What do we know about kids who come to the aid of the targets of bullies—and how could we expand their number? Salmivalli points out that not surprisingly, kids are more likely to stick up for kids they’re friends with. Kids are also more likely to be upstanders if they’re in a social circle of friends in which other kids don’t bully. The few kids in the Harvard study who stood up for victims of bullying outside their friend group had an objective sense of moral responsibility, “a common commitment to address issues of unfairness,” as the researchers put it. They were also “very powerful members of the peer group”—kids with status.

But we can’t only rely on the kids who happen to be both moral and high in status. The key is to figure out how the environment of a classroom—or a whole school—can add to their ranks. There is plenty of evidence that  aggression and meanness among students can pay off in terms of popularity—it’s often a route to moving up the social ladder. So how can a school, or a community, turn that around to reward a kid’s willingness to put themselves on the line to stop cruelty instead? It’s a question at the heart of every good bullying prevention effort, and one that explains why the programs with success encompass the whole school. Salmivalli focuses on one with particular promise:  a program in Finland, called KiVa, that has generated a lot of in international interest based on its record of reducing bullying and increasing peer support for victims. She emphasizes the importance of showing kids that bullying isn’t the norm—that most people don’t do it. When very few kids step up to challenge bullying, on the other hand, “children may infer that the others think bullying is OK.”

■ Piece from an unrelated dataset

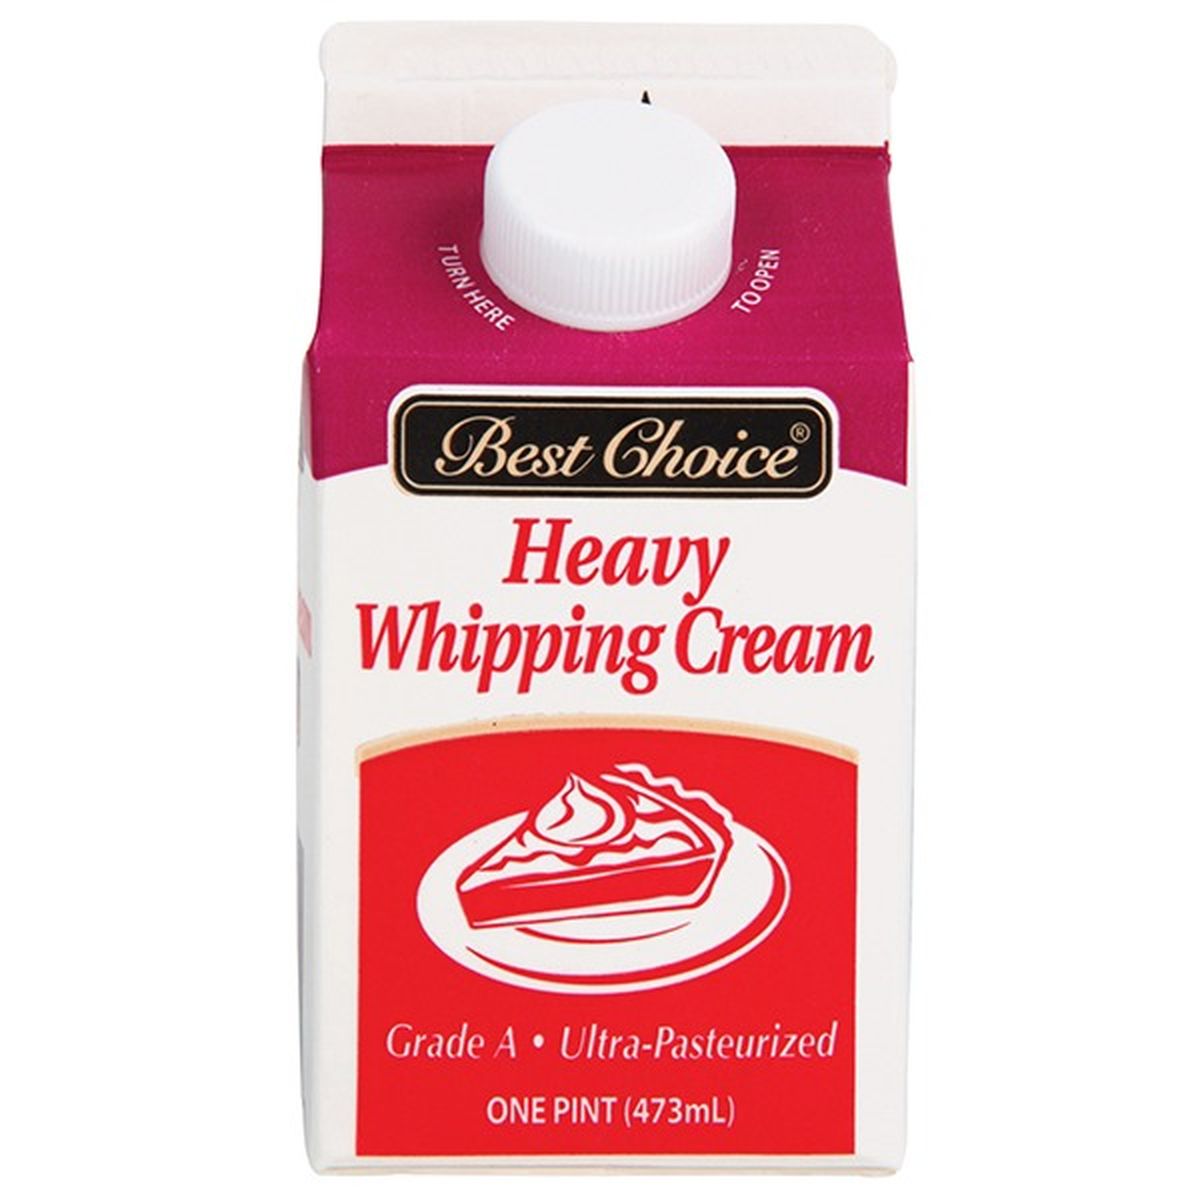 Best Choice Heavy Whipping Cream (1 pt) Delivery or Pickup Near Me

In the United States, bullying prevention programs like Olweus and  Steps to Respect try to encourage more upstanding. But no one here has completely solved the riddle. One person who is trying is Nancy Willard, a longtime advocate in the field who directs Embrace Civility in the Digital Age. Willard has designed a new program with a couple of features I haven’t seen before that seem promising, like encouraging teachers and other staff to watch for students who act as allies, not to make them an object of public praise, since that could make them uncool and backfire, but so that the principal can send a letter of thanks home. It’s a small idea, but that’s somehow how larger cultural shifts start.